[Opening Material to process section]

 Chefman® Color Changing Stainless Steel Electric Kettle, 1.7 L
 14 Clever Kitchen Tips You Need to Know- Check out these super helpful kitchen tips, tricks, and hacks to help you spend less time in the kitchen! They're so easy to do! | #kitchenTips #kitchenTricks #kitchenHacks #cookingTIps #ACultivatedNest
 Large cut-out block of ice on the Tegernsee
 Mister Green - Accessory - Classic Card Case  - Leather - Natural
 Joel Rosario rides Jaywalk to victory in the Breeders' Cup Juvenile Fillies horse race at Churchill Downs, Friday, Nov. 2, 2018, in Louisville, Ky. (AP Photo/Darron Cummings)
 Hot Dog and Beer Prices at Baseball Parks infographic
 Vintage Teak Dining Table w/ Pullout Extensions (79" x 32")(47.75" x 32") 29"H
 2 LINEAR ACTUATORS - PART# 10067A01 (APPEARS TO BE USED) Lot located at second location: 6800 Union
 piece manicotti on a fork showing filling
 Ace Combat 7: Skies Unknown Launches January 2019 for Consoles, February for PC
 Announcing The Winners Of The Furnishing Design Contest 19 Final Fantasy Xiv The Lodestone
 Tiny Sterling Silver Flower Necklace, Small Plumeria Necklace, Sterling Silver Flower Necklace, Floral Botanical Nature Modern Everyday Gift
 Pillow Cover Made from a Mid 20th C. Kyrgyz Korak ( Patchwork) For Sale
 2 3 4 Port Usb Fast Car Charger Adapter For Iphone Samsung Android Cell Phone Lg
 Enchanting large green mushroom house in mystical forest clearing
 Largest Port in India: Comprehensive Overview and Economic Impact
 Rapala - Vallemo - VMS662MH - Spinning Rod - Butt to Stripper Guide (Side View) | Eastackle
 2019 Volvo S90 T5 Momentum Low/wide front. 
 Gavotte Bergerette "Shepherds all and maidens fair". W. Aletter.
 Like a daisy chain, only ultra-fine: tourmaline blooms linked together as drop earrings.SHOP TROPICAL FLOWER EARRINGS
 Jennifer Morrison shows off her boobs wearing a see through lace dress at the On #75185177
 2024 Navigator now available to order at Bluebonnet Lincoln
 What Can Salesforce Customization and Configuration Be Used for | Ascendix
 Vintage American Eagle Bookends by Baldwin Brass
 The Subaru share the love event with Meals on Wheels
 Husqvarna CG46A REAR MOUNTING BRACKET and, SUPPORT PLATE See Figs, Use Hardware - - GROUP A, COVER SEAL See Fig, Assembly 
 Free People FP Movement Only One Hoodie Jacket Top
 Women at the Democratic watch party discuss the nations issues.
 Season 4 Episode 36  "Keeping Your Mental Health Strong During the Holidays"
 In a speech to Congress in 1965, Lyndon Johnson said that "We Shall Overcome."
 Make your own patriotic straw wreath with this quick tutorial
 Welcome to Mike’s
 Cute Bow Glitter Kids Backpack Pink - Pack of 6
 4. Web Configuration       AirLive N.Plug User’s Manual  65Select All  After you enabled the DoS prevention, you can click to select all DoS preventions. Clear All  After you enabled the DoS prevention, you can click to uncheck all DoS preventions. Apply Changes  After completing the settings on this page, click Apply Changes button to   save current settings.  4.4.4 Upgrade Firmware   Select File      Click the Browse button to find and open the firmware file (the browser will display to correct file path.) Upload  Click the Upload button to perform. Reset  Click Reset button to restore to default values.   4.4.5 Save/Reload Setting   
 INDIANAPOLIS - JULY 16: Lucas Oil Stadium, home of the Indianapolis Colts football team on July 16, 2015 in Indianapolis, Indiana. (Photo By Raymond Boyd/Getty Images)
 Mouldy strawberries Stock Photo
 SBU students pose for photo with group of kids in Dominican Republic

[Closing Material to process section]

Exercise aim
Copy out, exactly and alone, the lines of the entries above between the ones holding "Like a daisy" and "Husqvarna CG46A REAR", inclusive.

Answer to this problem
 Like a daisy chain, only ultra-fine: tourmaline blooms linked together as drop earrings.SHOP TROPICAL FLOWER EARRINGS
 Jennifer Morrison shows off her boobs wearing a see through lace dress at the On #75185177
 2024 Navigator now available to order at Bluebonnet Lincoln
 What Can Salesforce Customization and Configuration Be Used for | Ascendix
 Vintage American Eagle Bookends by Baldwin Brass
 The Subaru share the love event with Meals on Wheels
 Husqvarna CG46A REAR MOUNTING BRACKET and, SUPPORT PLATE See Figs, Use Hardware - - GROUP A, COVER SEAL See Fig, Assembly 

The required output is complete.